> [DATASET]:

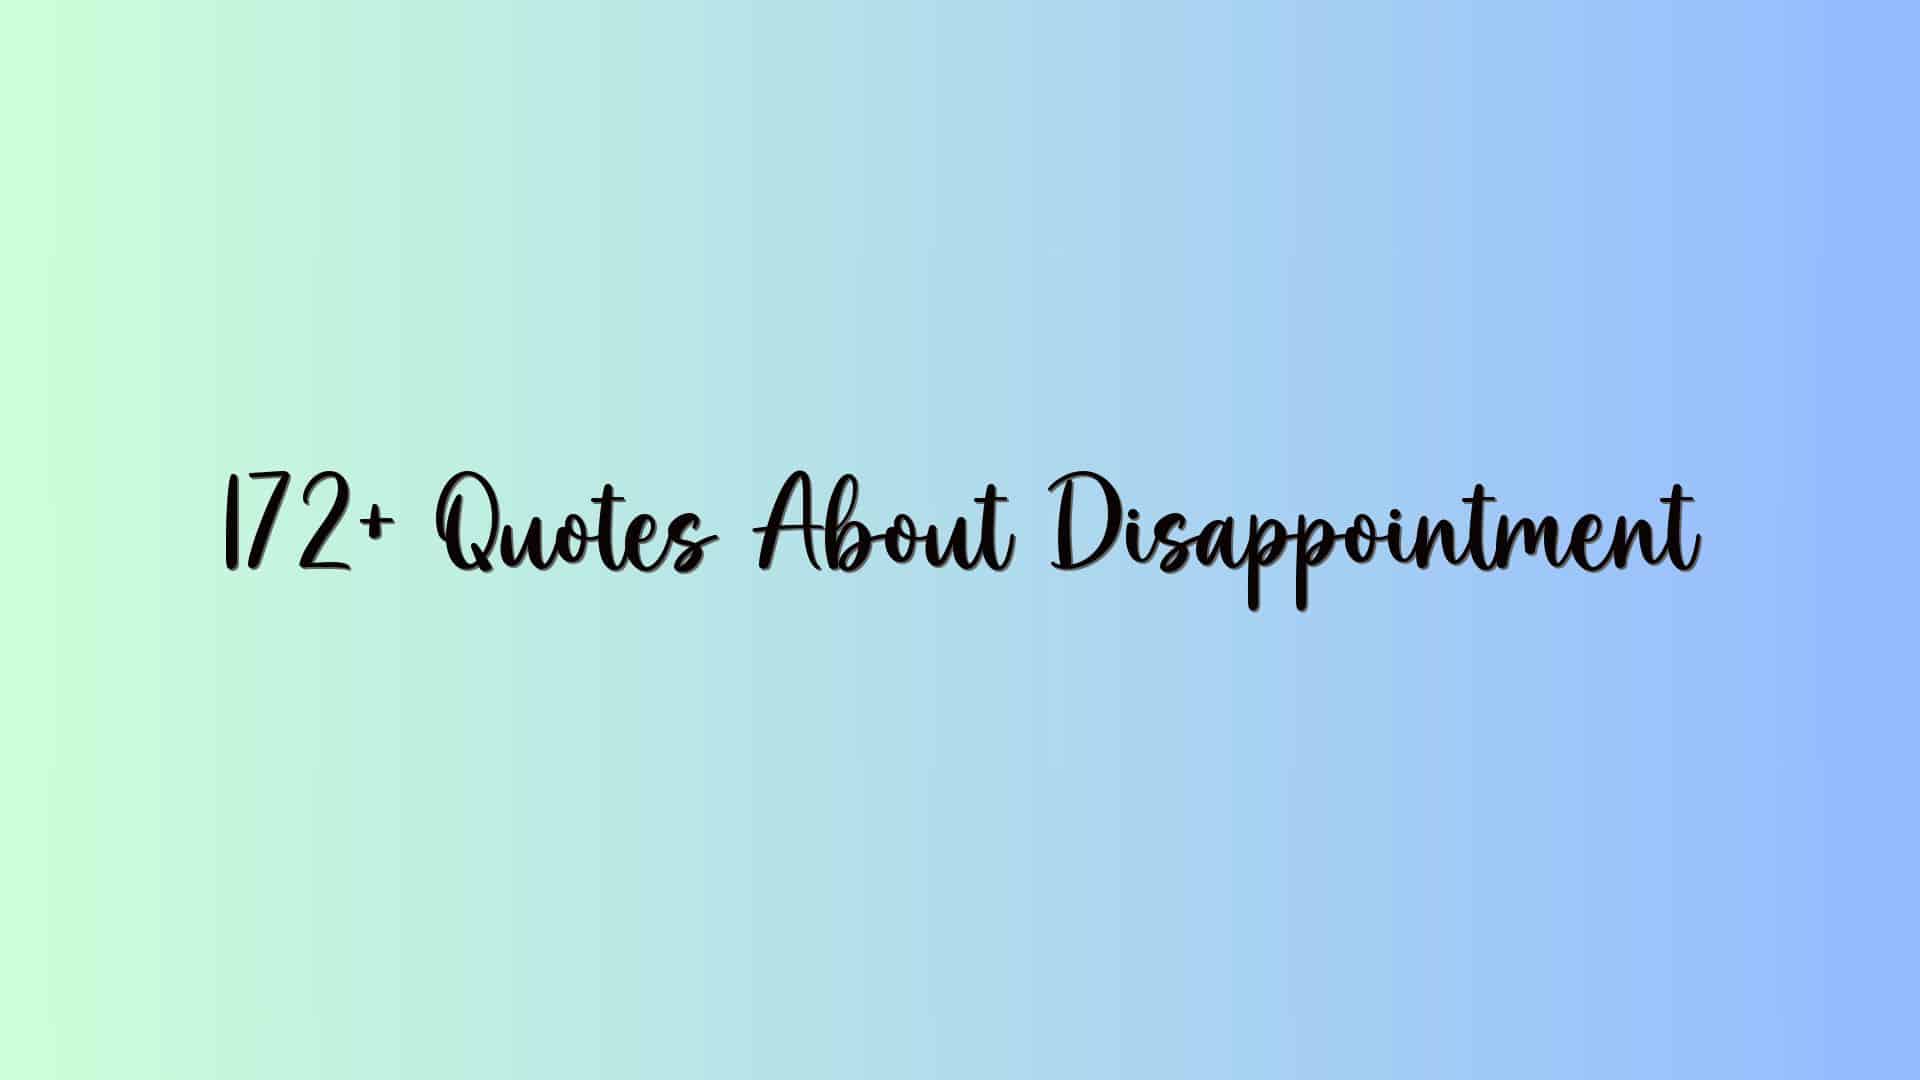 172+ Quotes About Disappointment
---
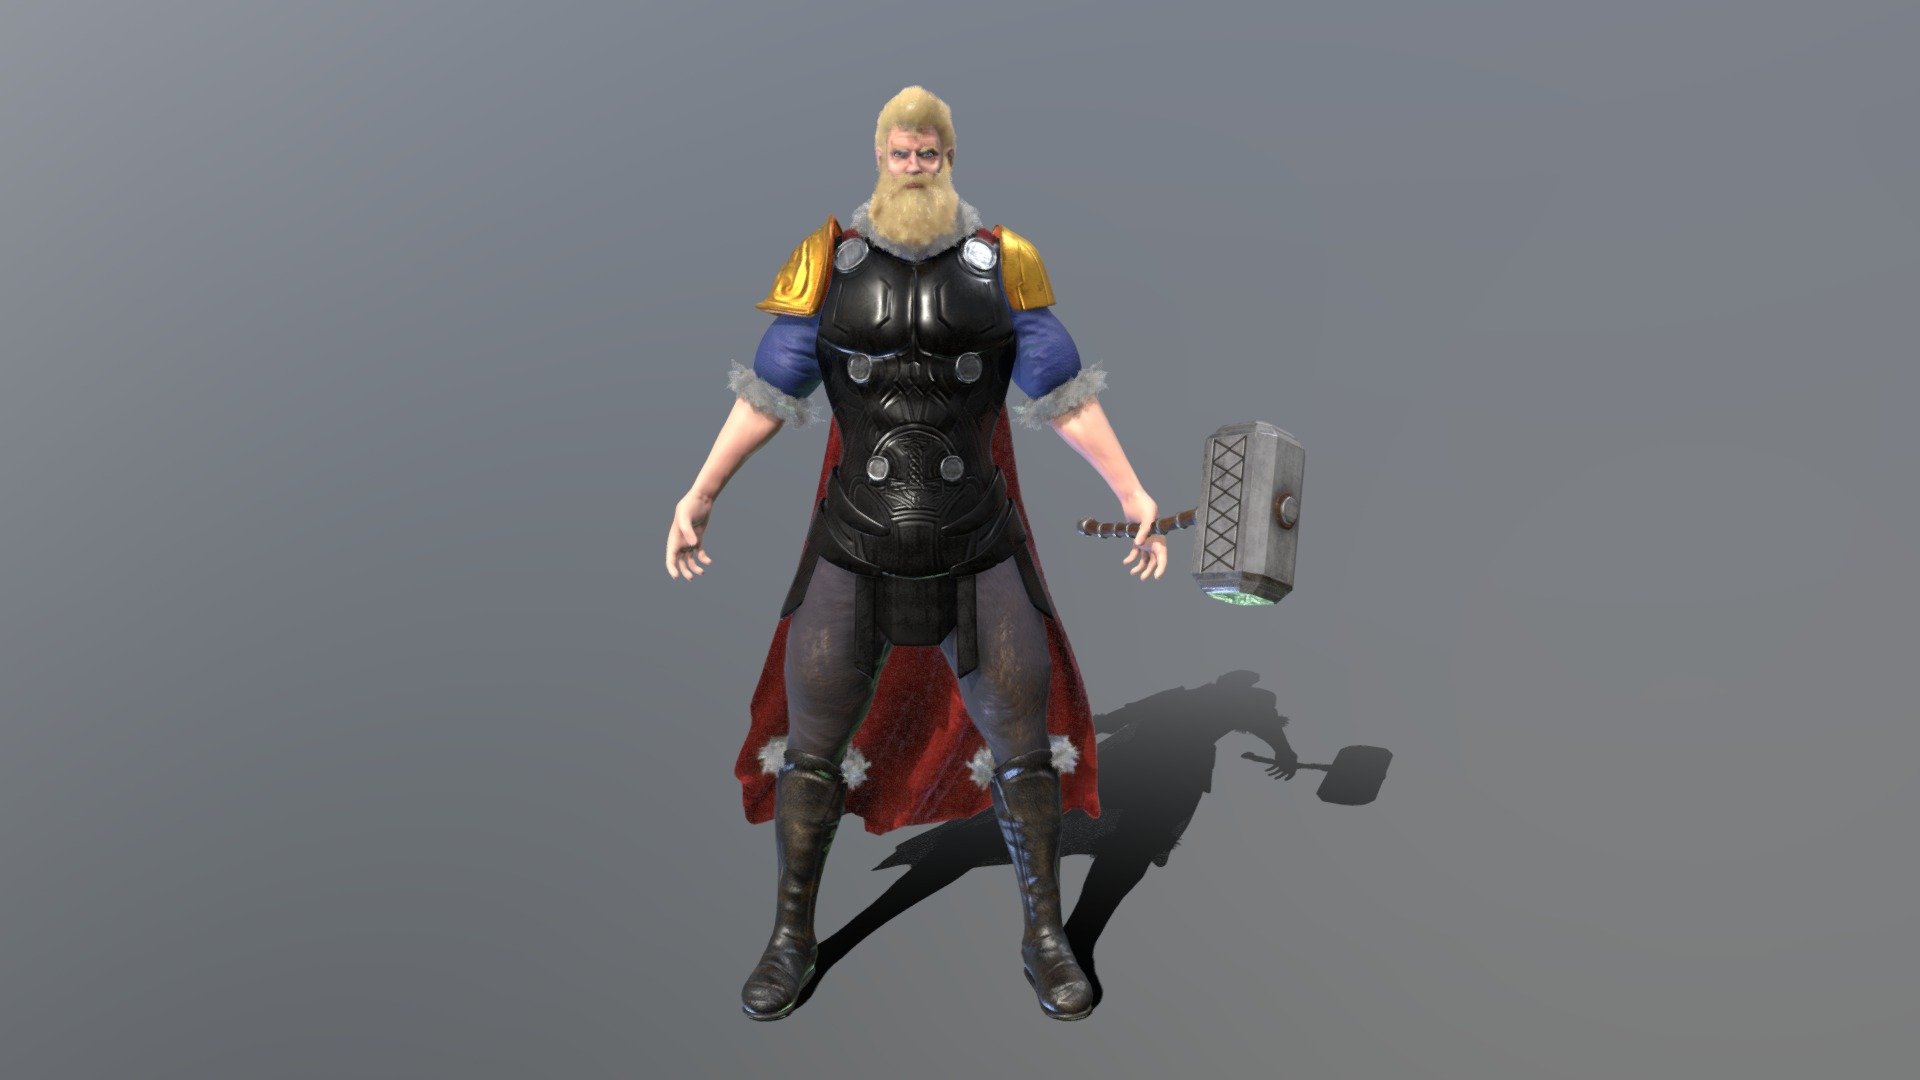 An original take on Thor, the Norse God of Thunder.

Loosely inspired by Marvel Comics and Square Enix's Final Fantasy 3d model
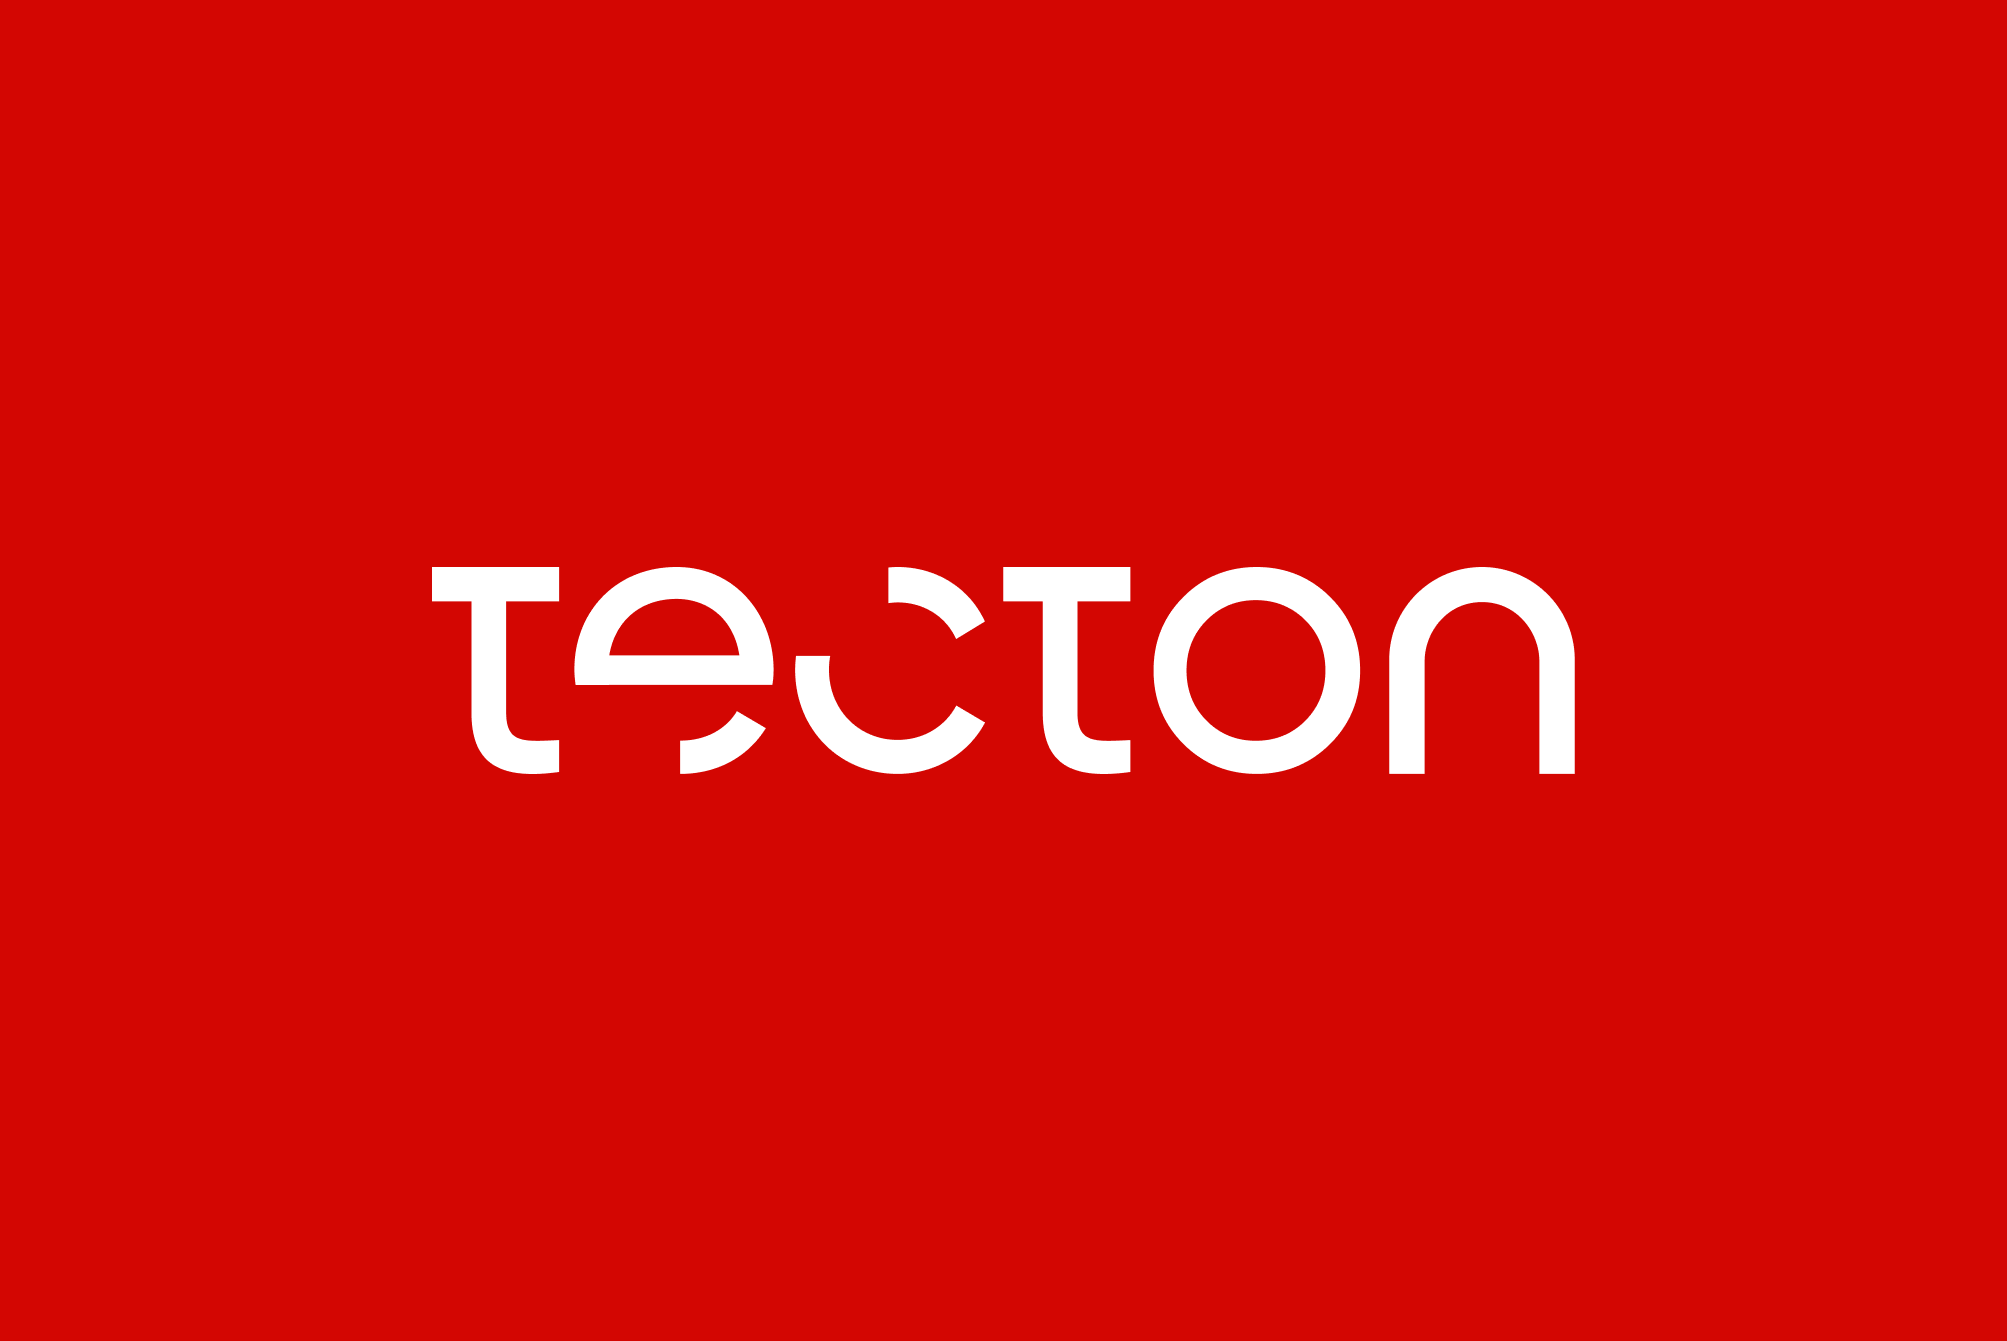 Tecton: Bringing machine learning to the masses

> [YOUR TASK]:
Transcribe exactly the lines above, beginning at the one with "An original take" and going up to and including the one with "Tecton: Bringing machine". Pictures do not belong in the copy.

> [SOLUTION FOR THIS PROBLEM]:
 An original take on Thor, the Norse God of Thunder.

Loosely inspired by Marvel Comics and Square Enix's Final Fantasy 3d model
 Tecton: Bringing machine learning to the masses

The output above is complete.